Copy word for word the line containing "図表-20 「天神ビックバン」対象エリア/※ 「天神ビックバン」の主なプロジェクト" together with all lines following it to the end of the listing below, without the pictures.

(Data below)
----------------
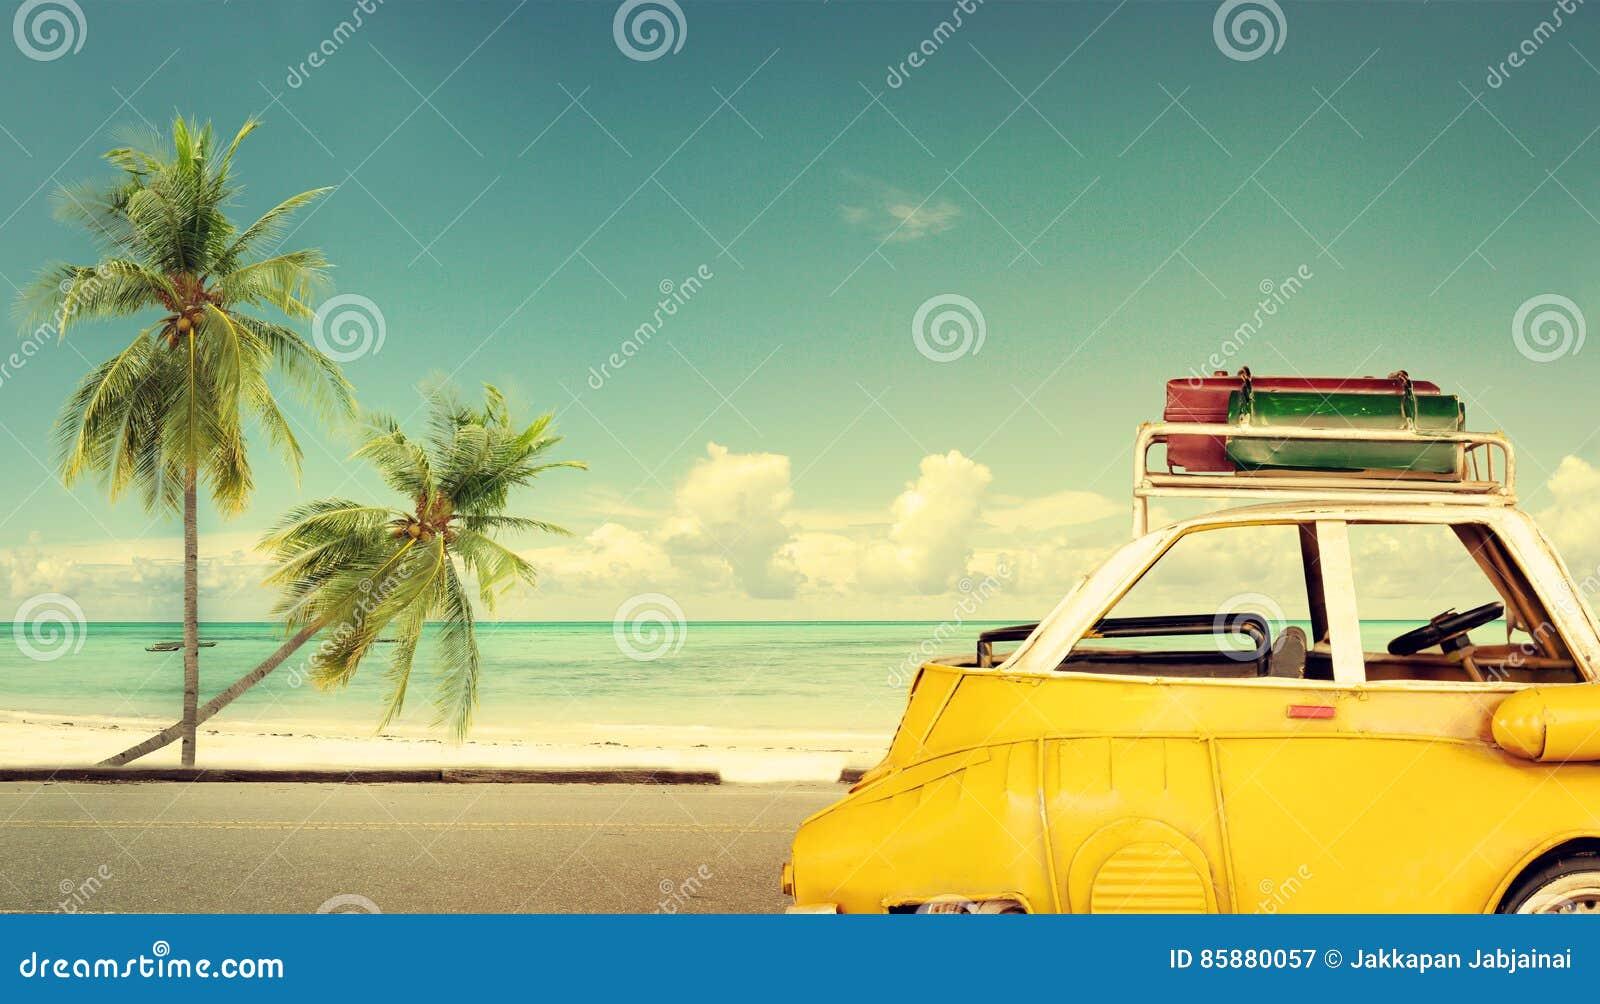 Назначение перемещения: винтажный классический автомобиль припарковал около пляжа с сумками на крыше
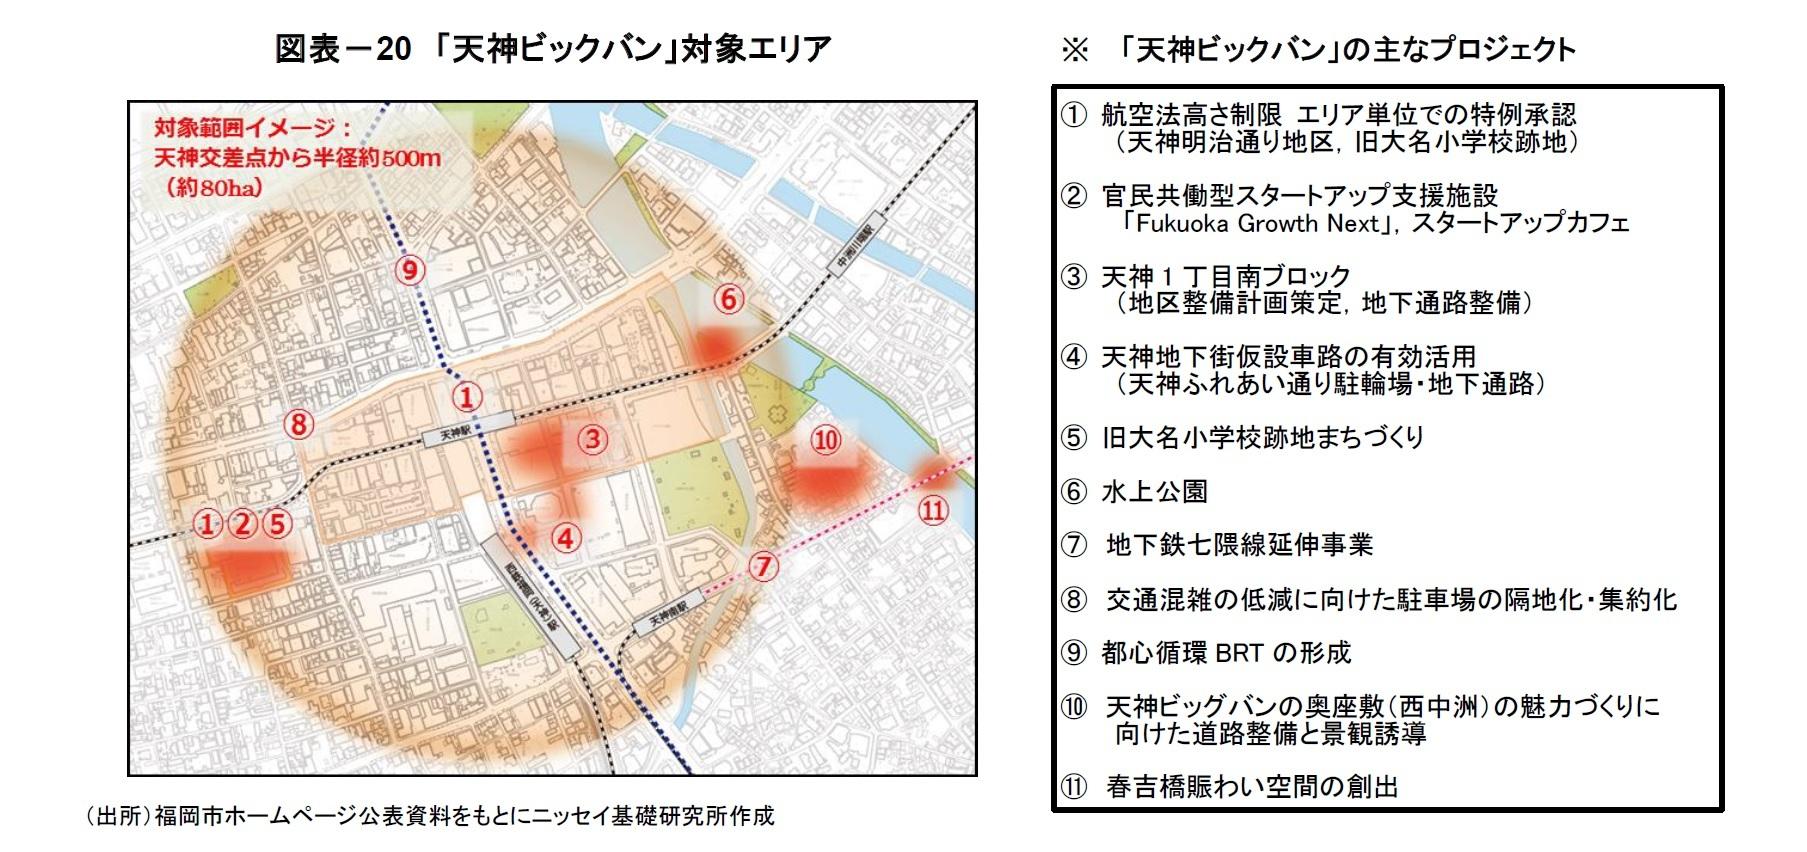 図表-20 「天神ビックバン」対象エリア/※ 「天神ビックバン」の主なプロジェクト
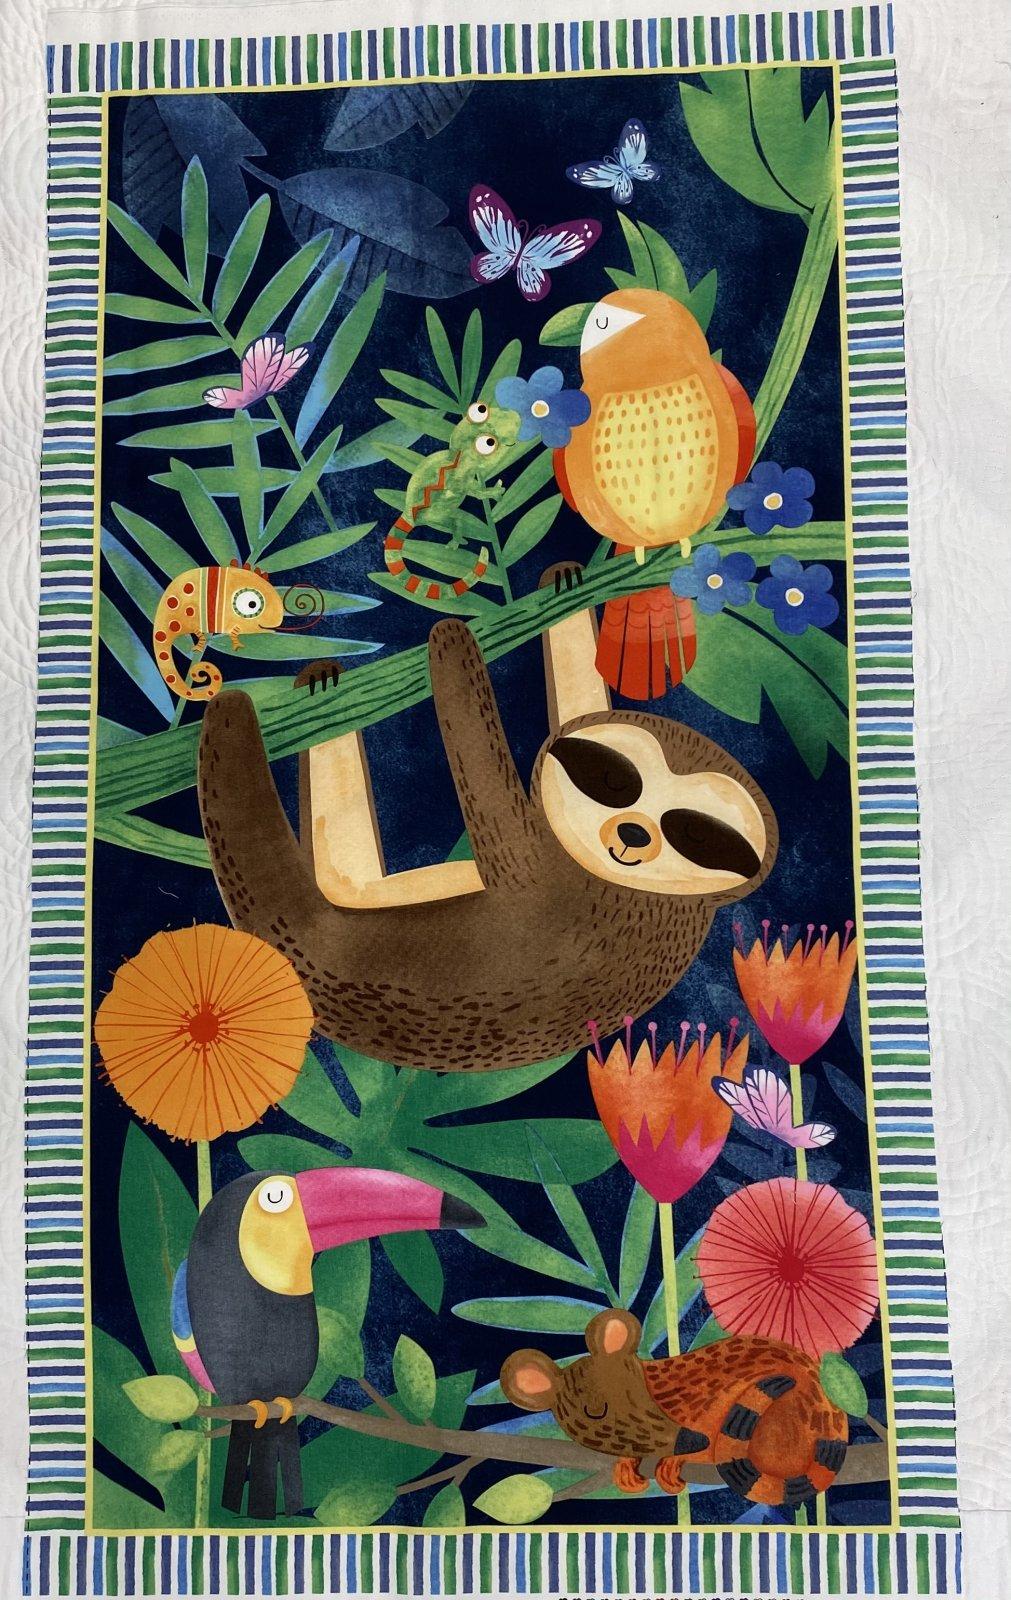 Sloth Panel
----------------
(Exercise solution)
 図表-20 「天神ビックバン」対象エリア/※ 「天神ビックバン」の主なプロジェクト
 Sloth Panel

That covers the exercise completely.